======== EXERCISE DATA
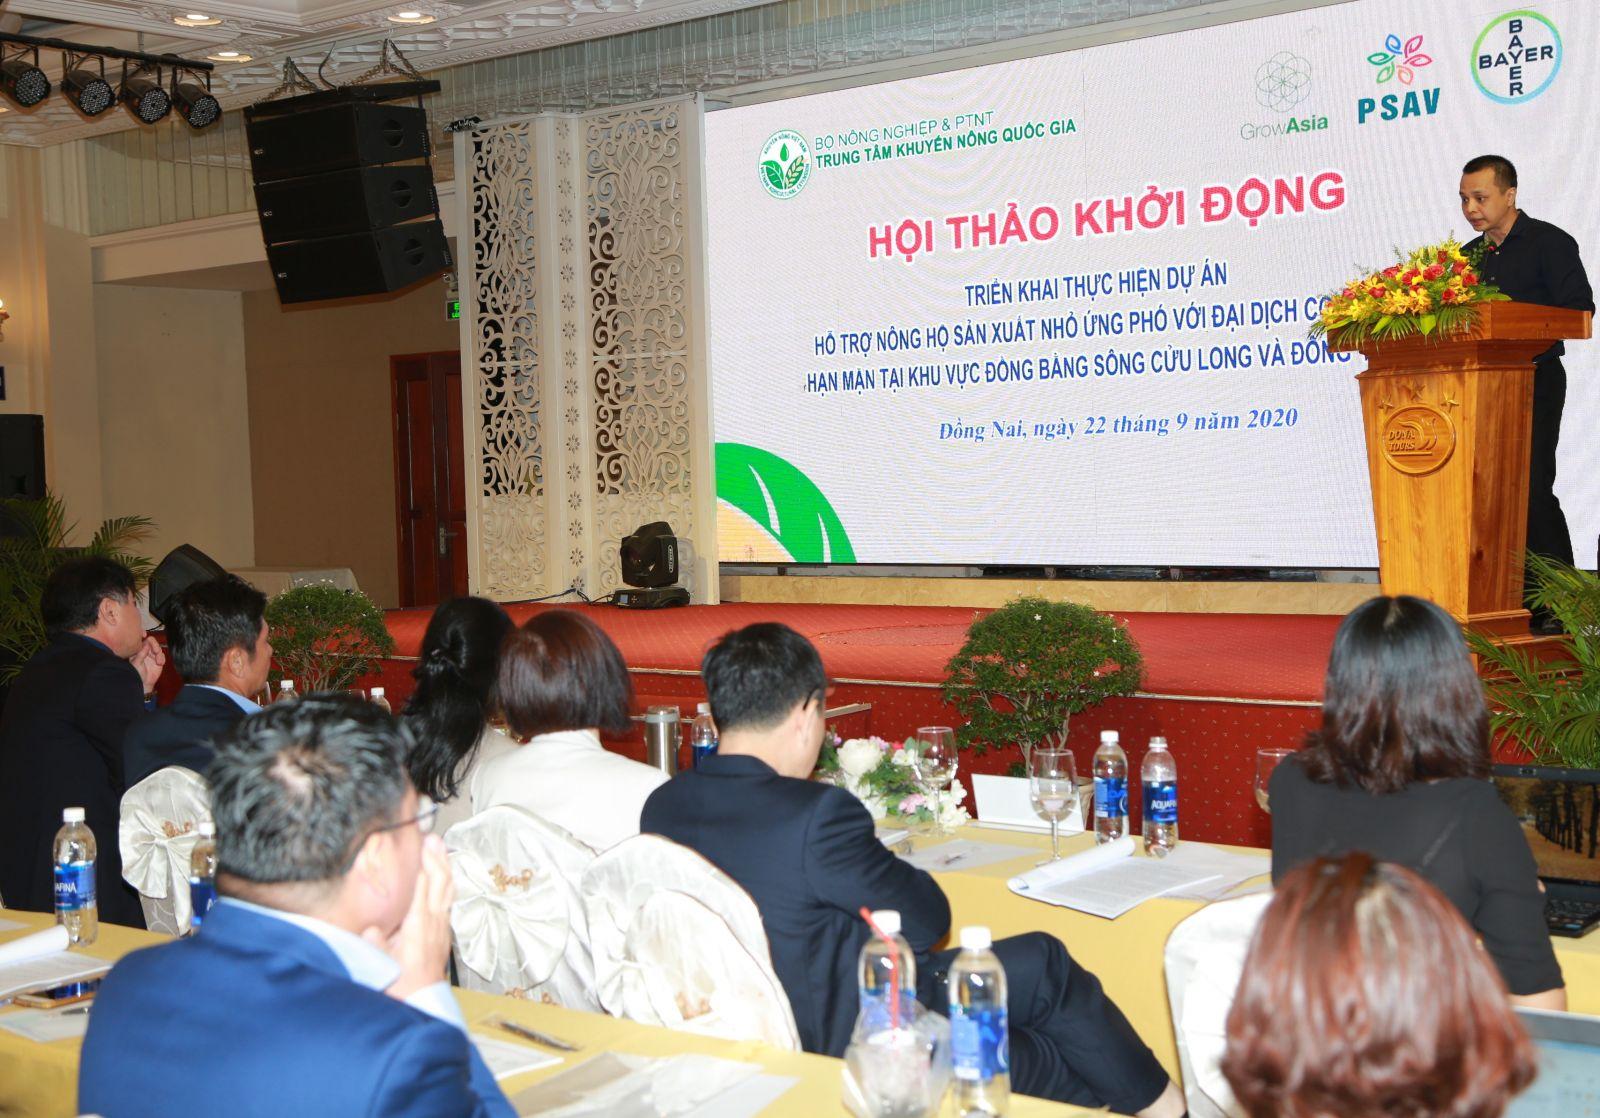 Ông Nguyễn Chí Hiếu, đại diện Tổ chức Tăng trưởng châu Á (Grow Asia) cam kết hỗ trợ nông dân Việt Nam khắc phục khó khăn sau hạn mặn và tác động của COVID-19
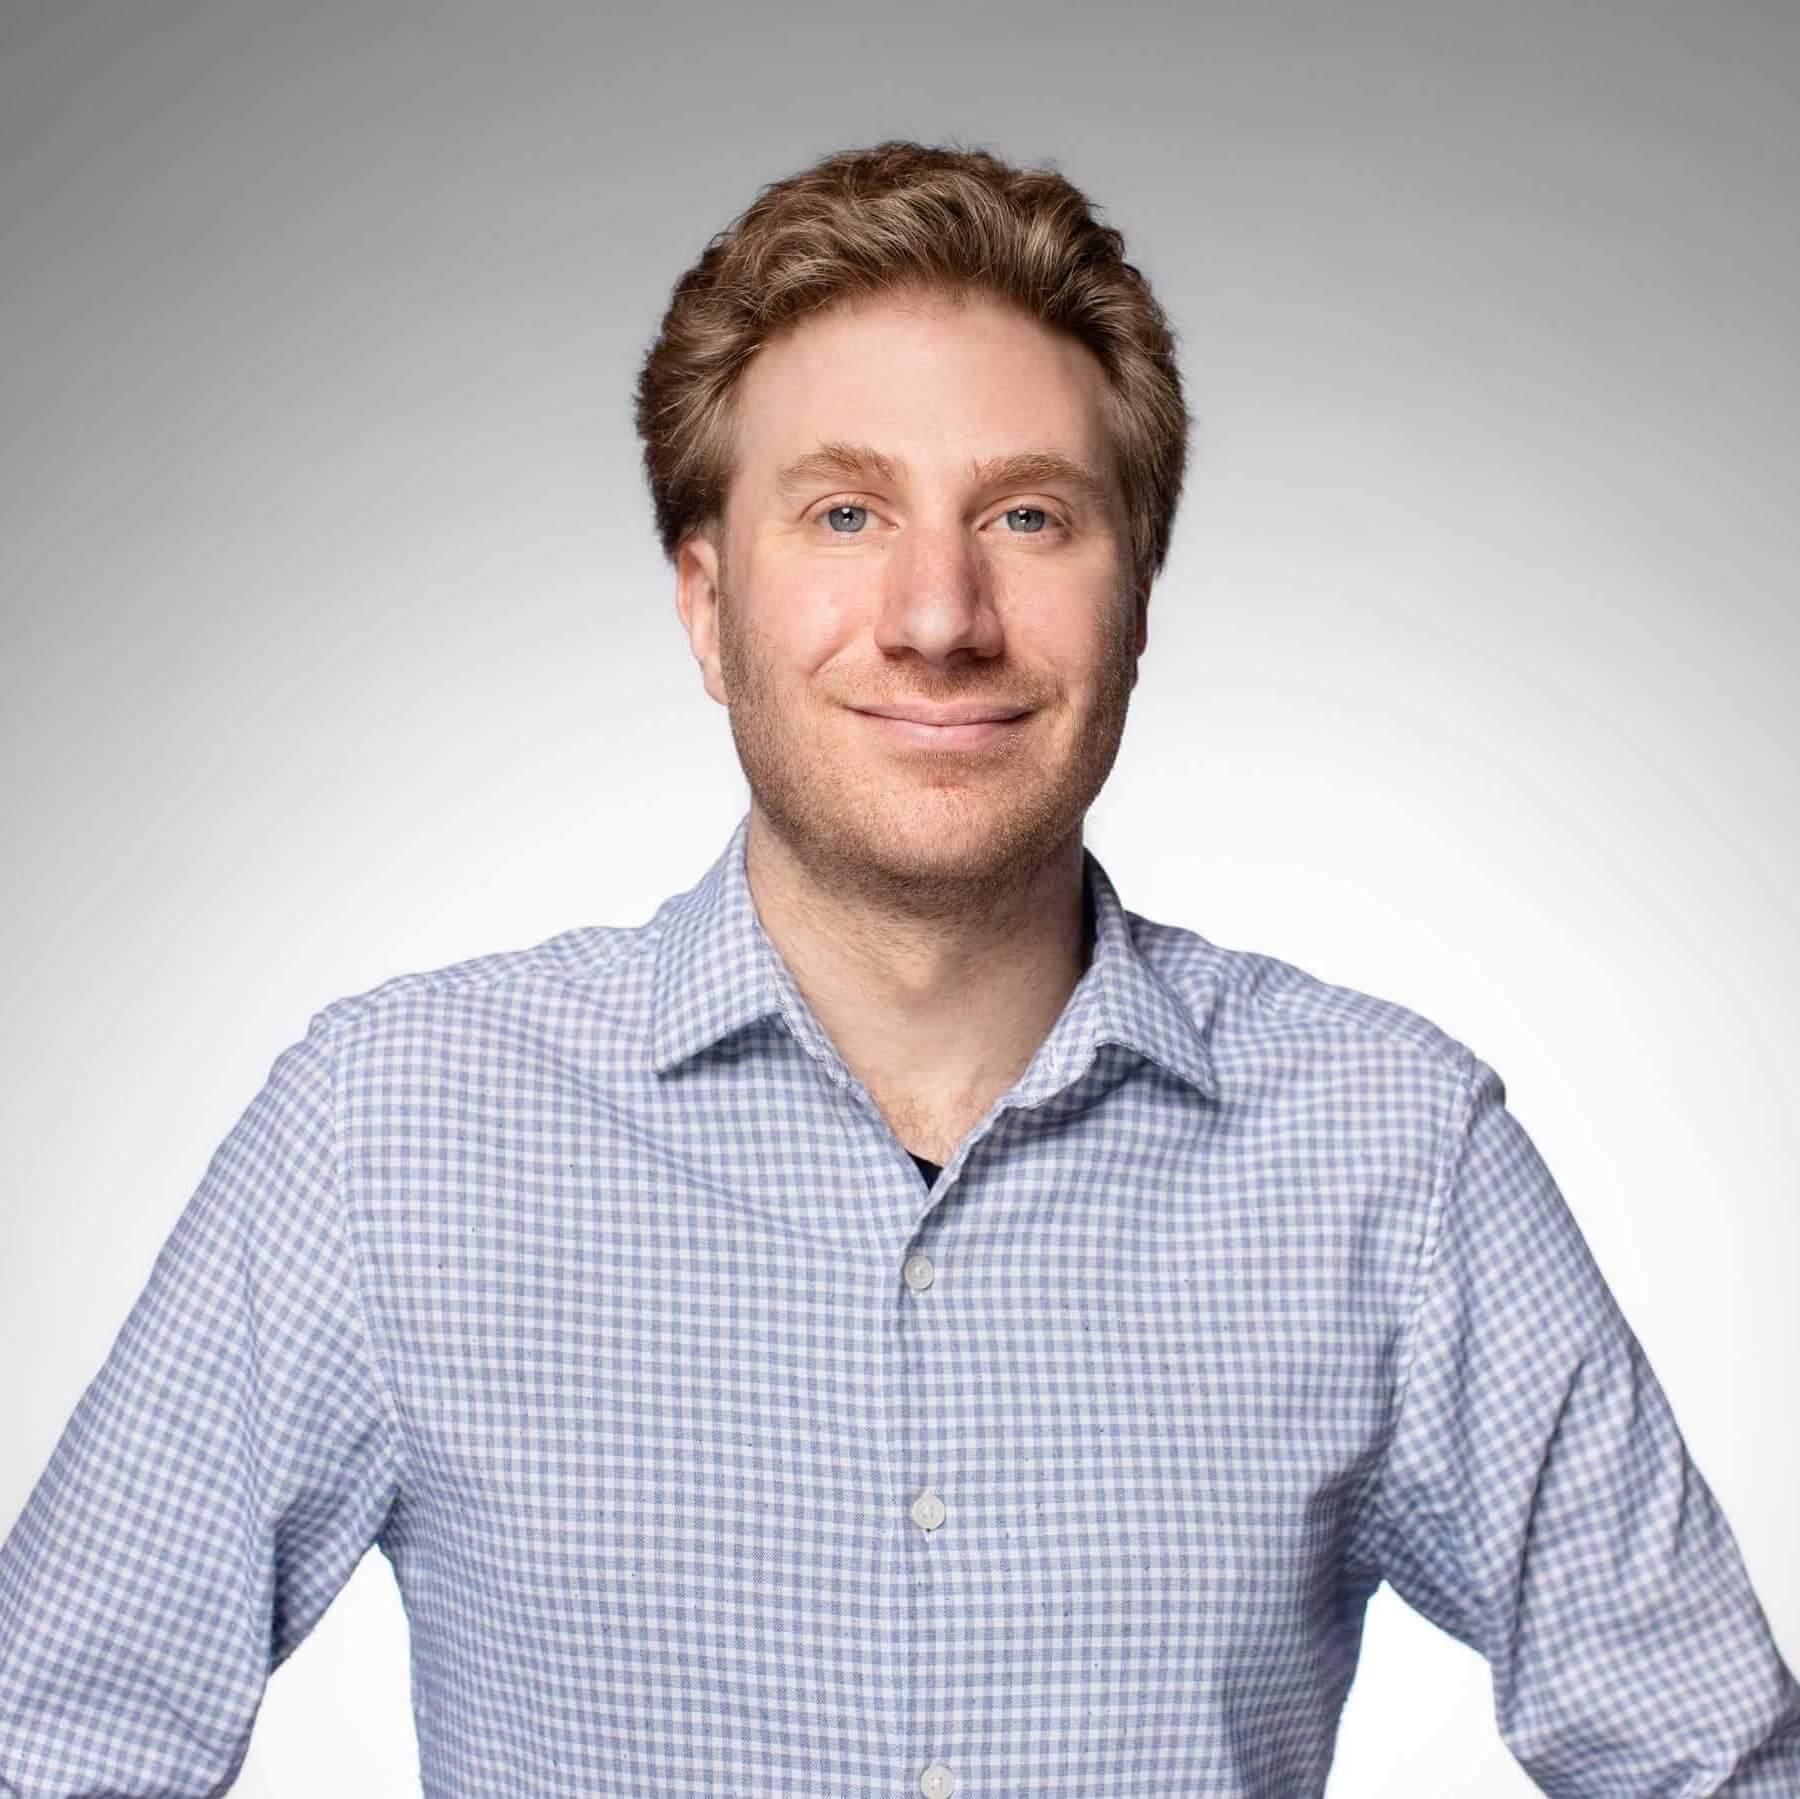 Jared Friedman - Partner at Y Combinator
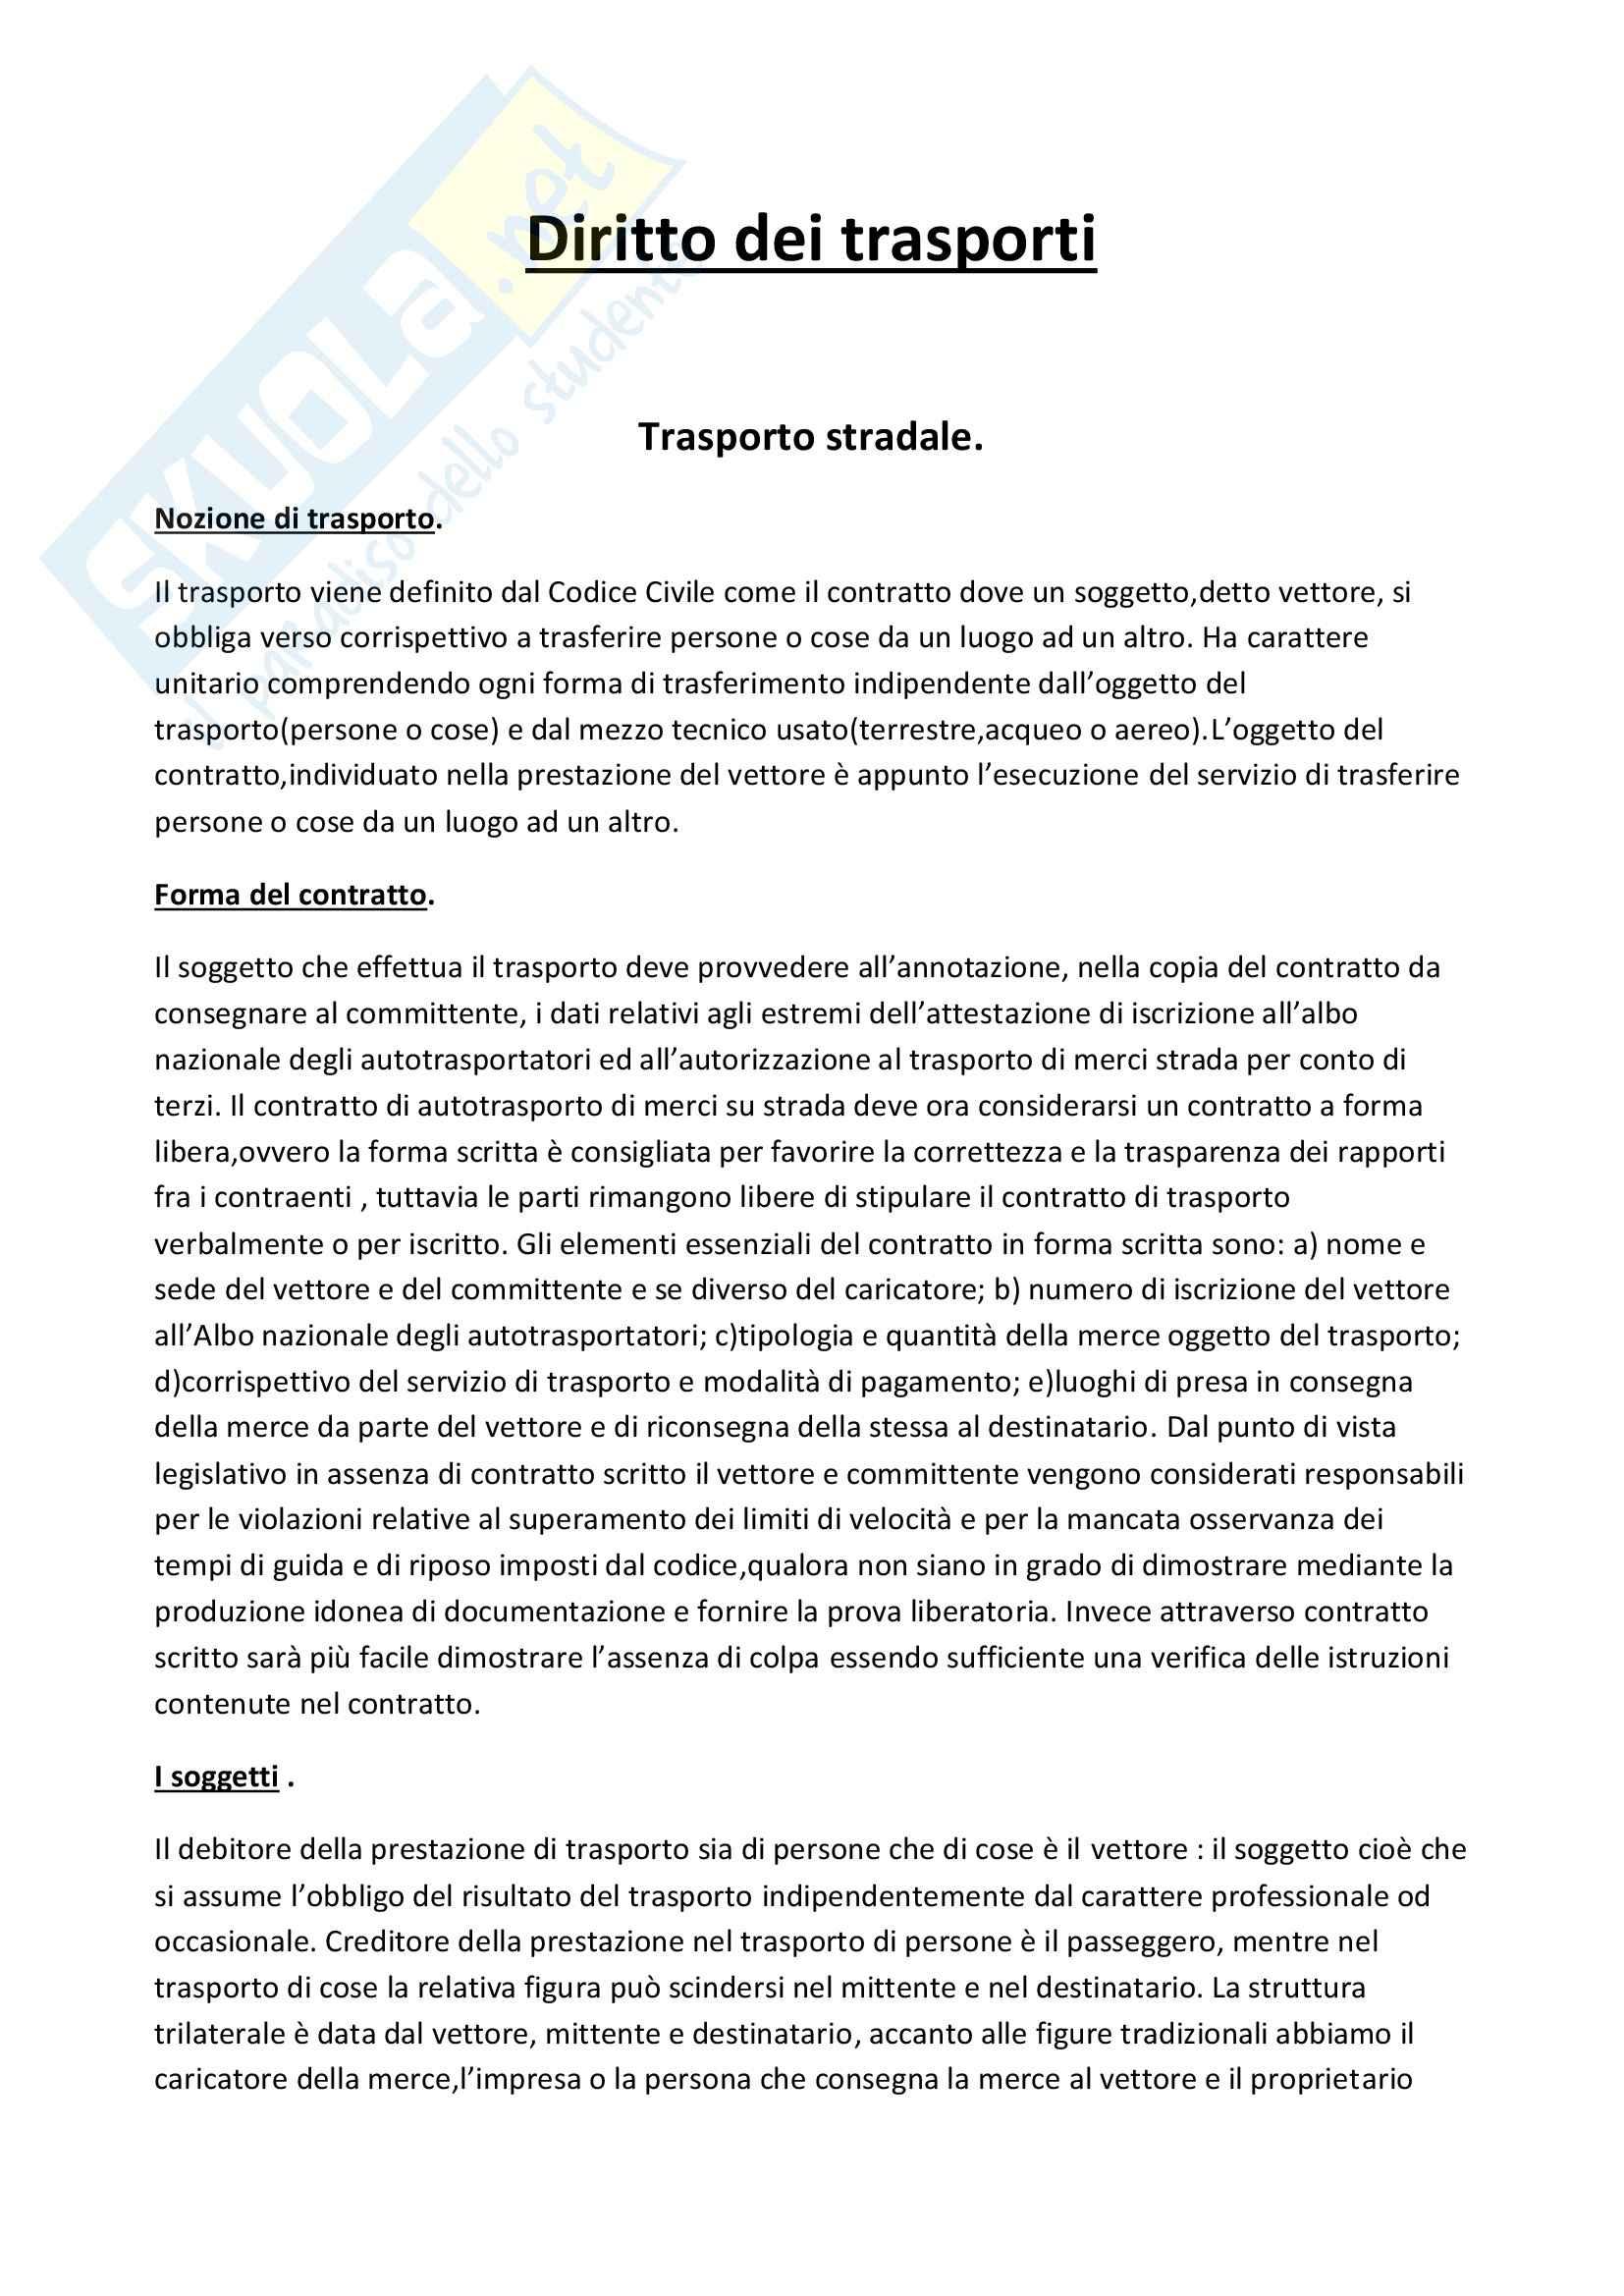 Diritto dei trasporti - Appunti
================
- **EXERCISE AIM**
Word for word, restate the whole listing and drop the images.

- **WRITTEN ANSWER**
 Ông Nguyễn Chí Hiếu, đại diện Tổ chức Tăng trưởng châu Á (Grow Asia) cam kết hỗ trợ nông dân Việt Nam khắc phục khó khăn sau hạn mặn và tác động của COVID-19
 Jared Friedman - Partner at Y Combinator
 Diritto dei trasporti - Appunti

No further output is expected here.